96 Hatchlings Race to the Sea

March 20, 2013 | By wildlife@dmin

The olive ridley sea turtle is considered to be one of the most abundant sea turtles; however, due to a significant loss in nesting sites and its population, it is now considered endangered. Therefore, a small team from Wildlife SOS put together a project to see what could be done to help the turtle successfully produce hatchlings.

The program was launched in North Kerala by a team led by Mavish Kumar.  Kumar has broad experience working with and rescuing reptiles.  For the last 16 years he has been helping the Kerala forest department both with its anti-poaching efforts and with rescuing and releasing reptiles.  To date he has rescued 3 king cobras, 3934 cobras, 554 vipers, 43 saws scaled vipers, 903 pythons and 777 other non-poisonous snakes.  In 2012, Kumar was honored for his lifesaving efforts with the Kerala Forest Department’s 2012- Best Reptile Rescuer Award.

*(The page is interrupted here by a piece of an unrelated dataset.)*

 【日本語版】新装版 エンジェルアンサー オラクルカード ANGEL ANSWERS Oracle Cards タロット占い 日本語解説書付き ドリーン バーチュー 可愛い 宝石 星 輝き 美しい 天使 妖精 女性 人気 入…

This is the first year that Wildlife SOS worked on the Olive Ridley Conservation Project.  It began just after the New Year on January 2.  Mavish Kumar noticed a turtle nest within the high tide line.  He had the team build a sand bag wall consisting of three layers of sand bags (20 in each layer) around the nest to protect it from the rough seas and high tide.  They also constructed a net fence around the nest.  They then cleaned the area half a meter deep and two meters wide to protect the eggs from fungal infections.   Kumar notes, “This is the first time this cleansing process has been used in India.”  They did all of this without disturbing the eggs.  Then they waited and monitored.

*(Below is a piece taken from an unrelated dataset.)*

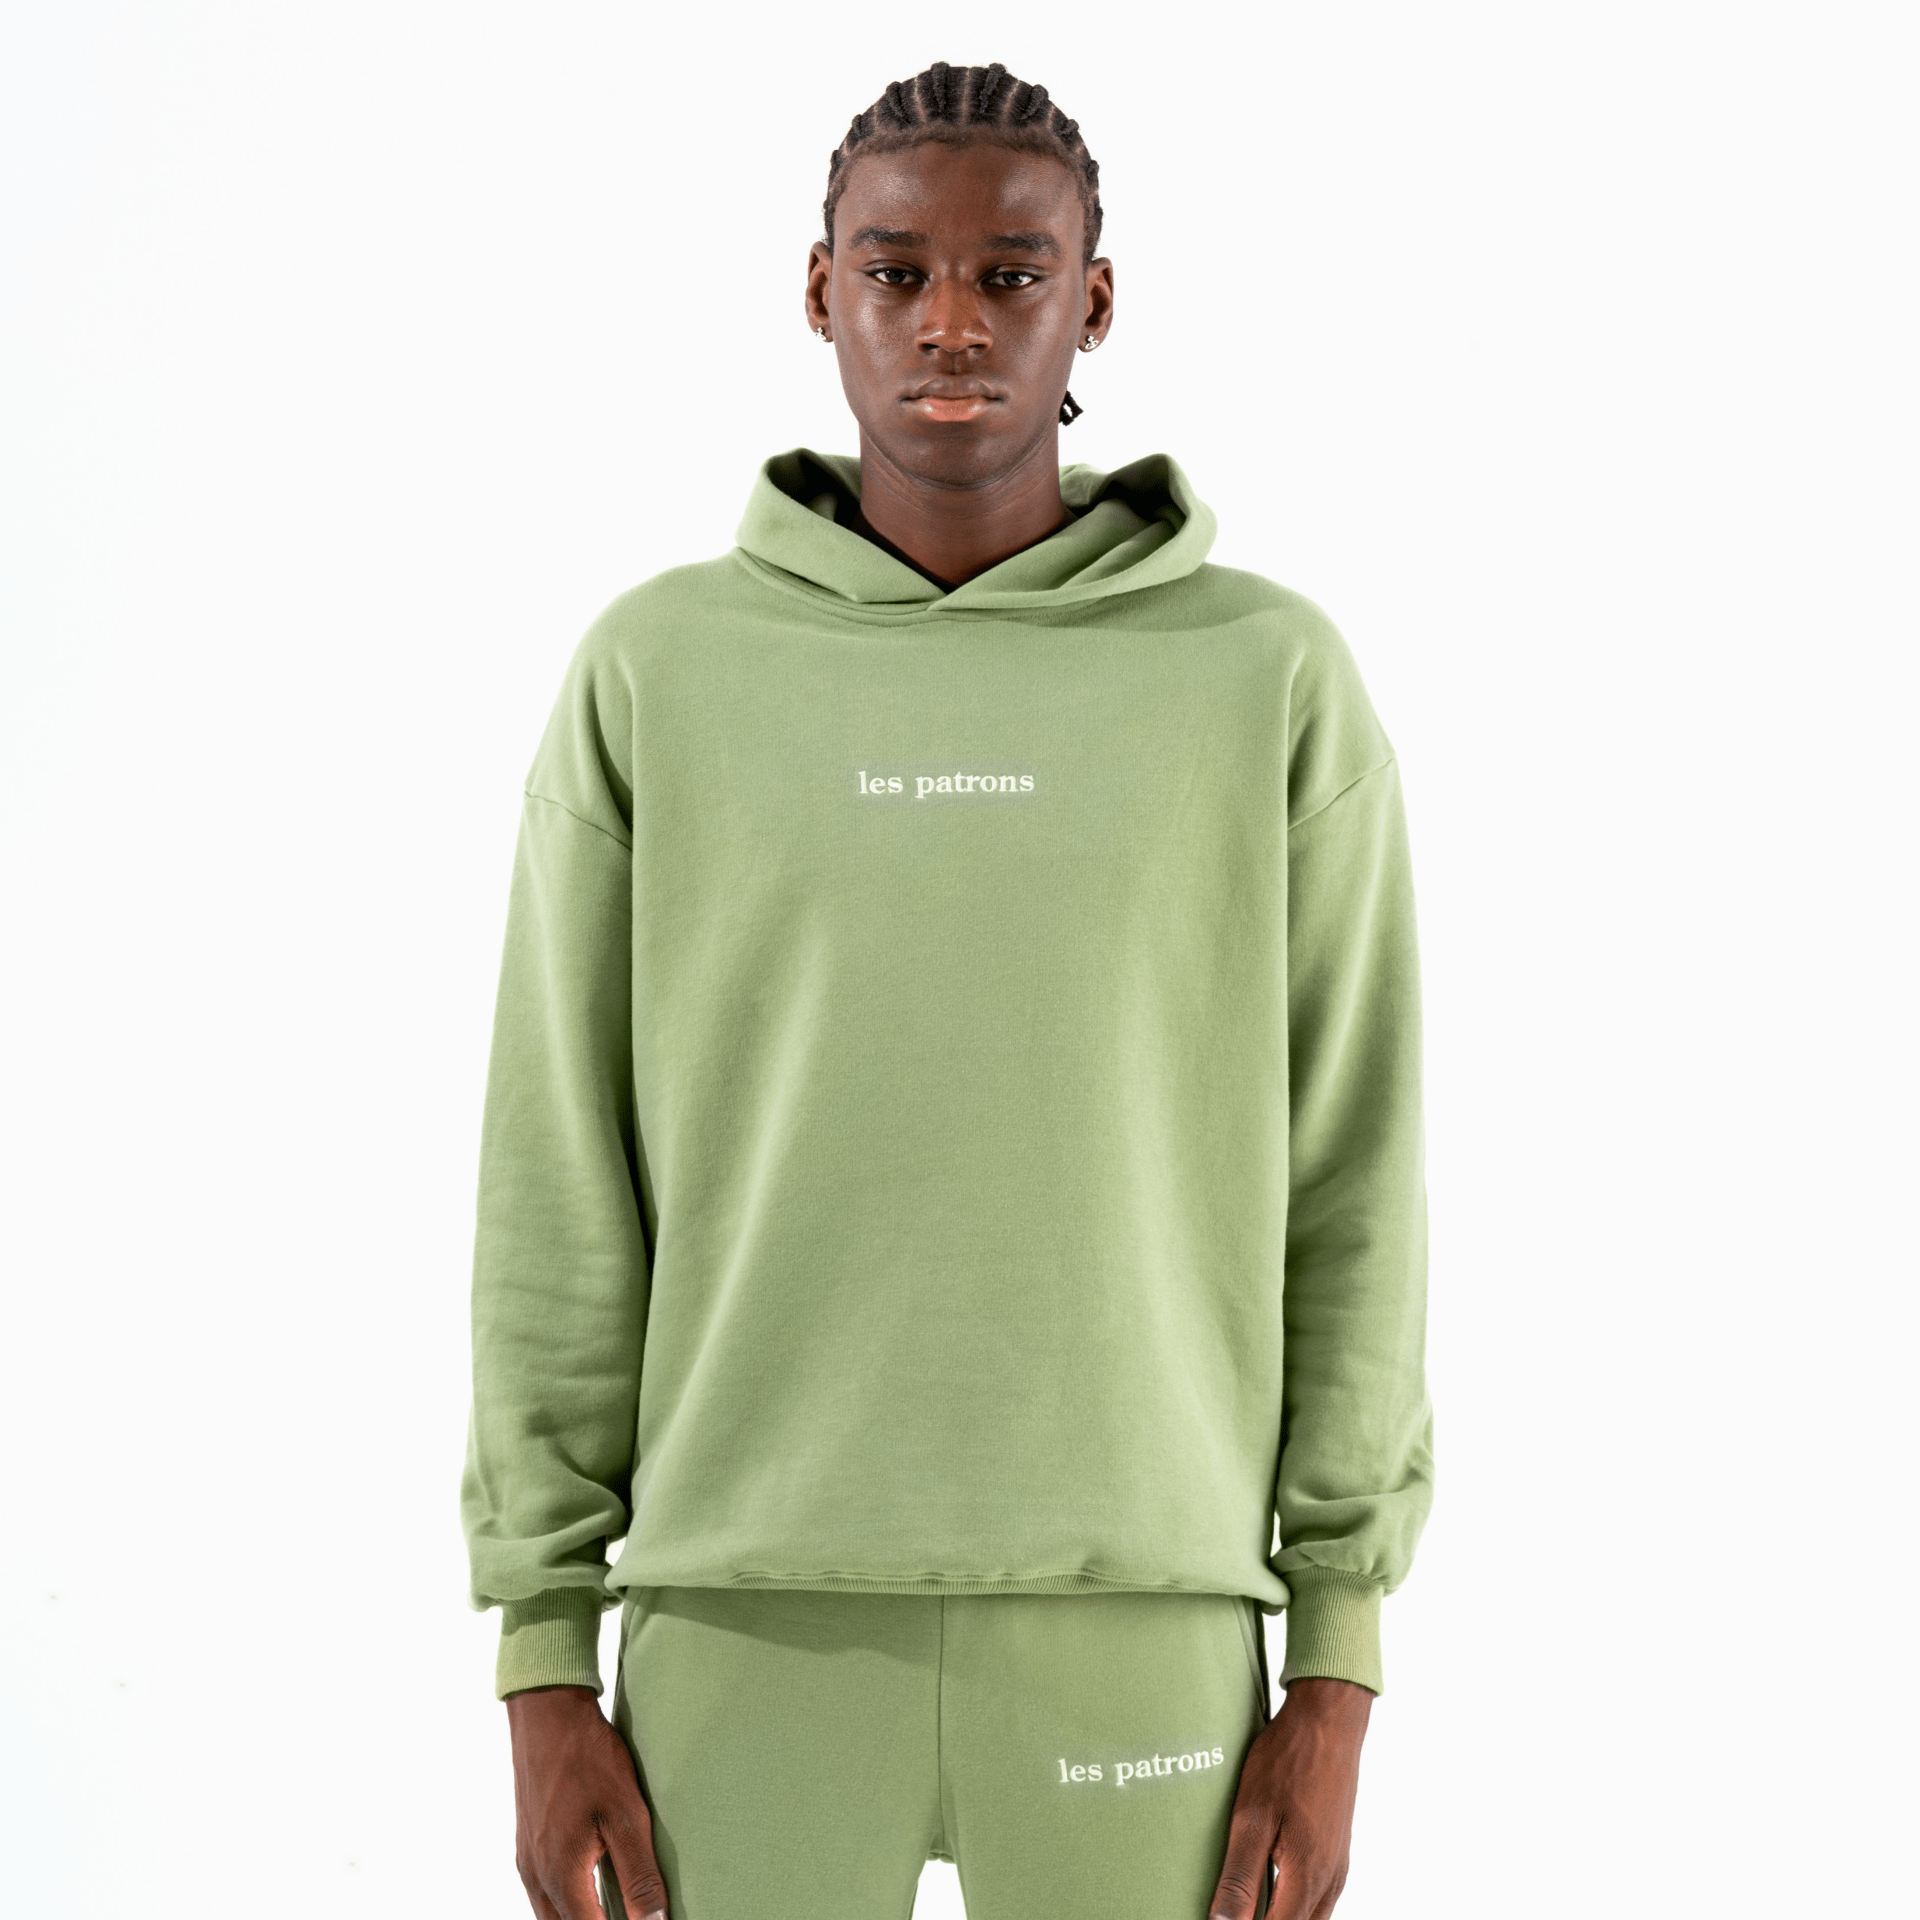 Les patrons luxury streetwear green sweatsuit hoodie

Their diligence and patience was rewarded on day 47 when there were 4 hatchlings and on day 48 there were an additional 92.  That made for 96 hatchlings in all from the one nest.  All 96 were released on February 20 at 10:25 pm.  Mavish Kumar states, “I am thrilled with the success of this project.  Usually we would transfer the eggs in these environmental conditions.  However, it is great to be able to use a methodology that leaves the eggs in the original nest.  We can protect the olive ridley sea turtles, but it will be a long term effort consisting of team work, beach nourishment and awareness programs.  With the release of these 96 hatchlings, we have a promising start.”